Все мысли о самовольном "маневре" мигом вылетели у него из головы.
Я хорошо знал этого хлопца. Есть люди, колеблющиеся в бою. От них надо избавляться или выколачивать из них строгими мерами эту опасную черту характера. Есть такие, как лейтенант Горкунов. Они не колеблются ни минуты, ни в бою, ни перед боем. А есть такие, как Карпенко, для которых самый страшный момент - ожидание. Мертвая тишина перед боем вызывает у парня колебания, сомнения, и чем дольше продолжается эта тишина, тем большую опрометчивость и слабость духа он способен проявить. Но стоит только выясниться обстановке, ясно увидеть врага, размеры опасности, лучшего солдата не найдешь. Таким людям надо говорить всю правду, какой бы страшной она ни была. В беде он не подведет.

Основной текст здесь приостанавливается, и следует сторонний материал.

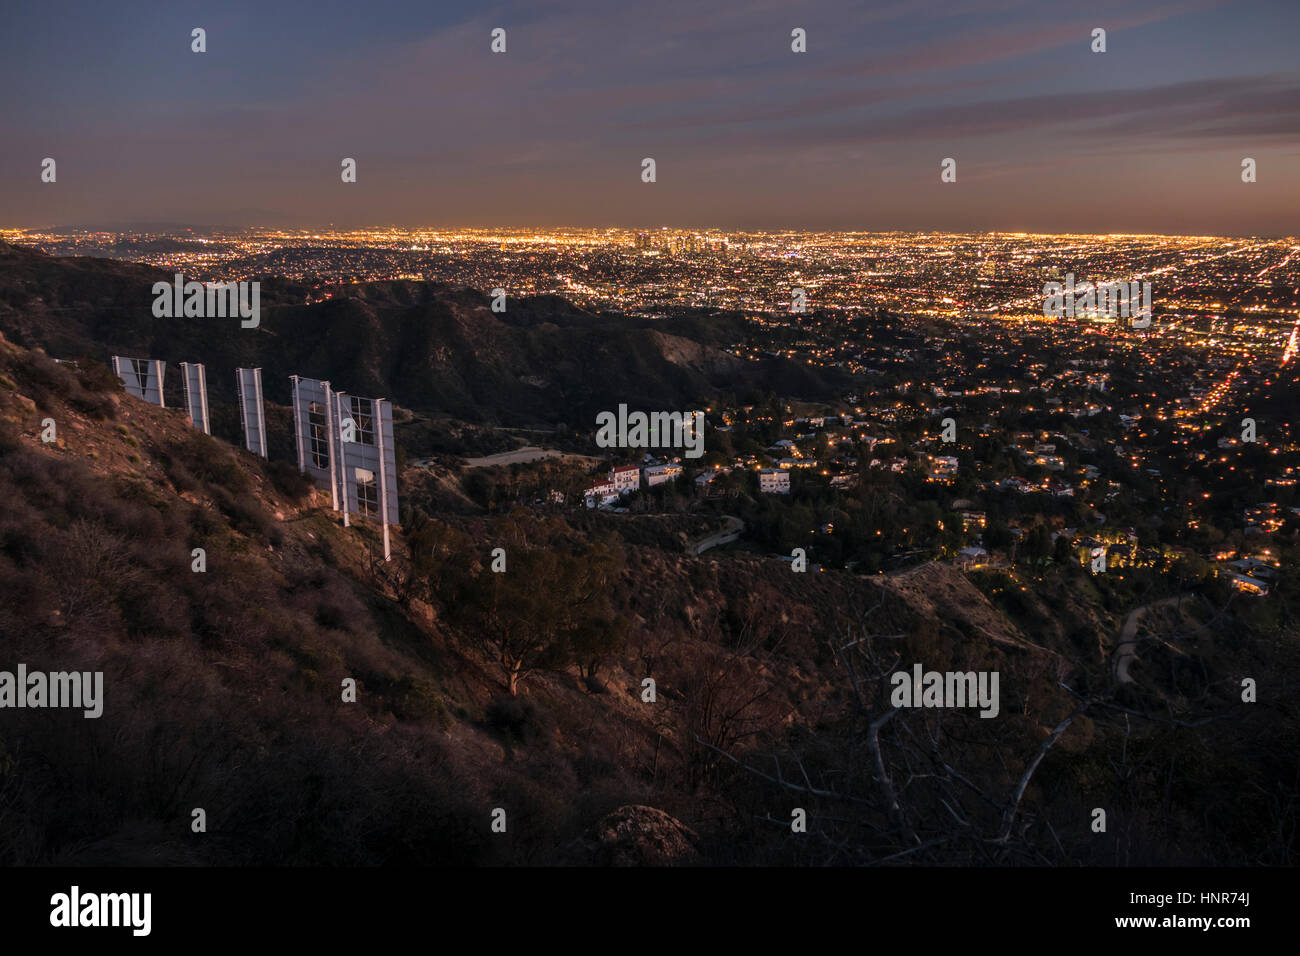 Los Angeles, Kalifornien, USA - 4. Februar 2016: Hollywood Zeichen und der Innenstadt von Los Angeles Hügel Stadtbild Abenddämmerung Blick. Stockfoto

Рассказав обстановку Карпенке, Бережному, Горланову на тот случай, если мы не все дойдем до отряда, я приказал любым способом пробиться к отряду и доложить эти сведения. Никого из хлопцев не испугала, а только обрадовала весть о том, что нами заинтересовано высшее немецкое командование, хотя они и понимали, что нам поэтому придется еще туже.
- Пойдем не по кряжу и не по долине, а по склону. Там, где меньше всего шансов встретить немцев! - сказал я Карпенке, Бережному и Горланову.
Командиры сразу поняли мою мысль.
К вечеру мы обошли Поляничку почти на автоматный выстрел. Пробираясь по склону, голодные люди быстро выбились из сил.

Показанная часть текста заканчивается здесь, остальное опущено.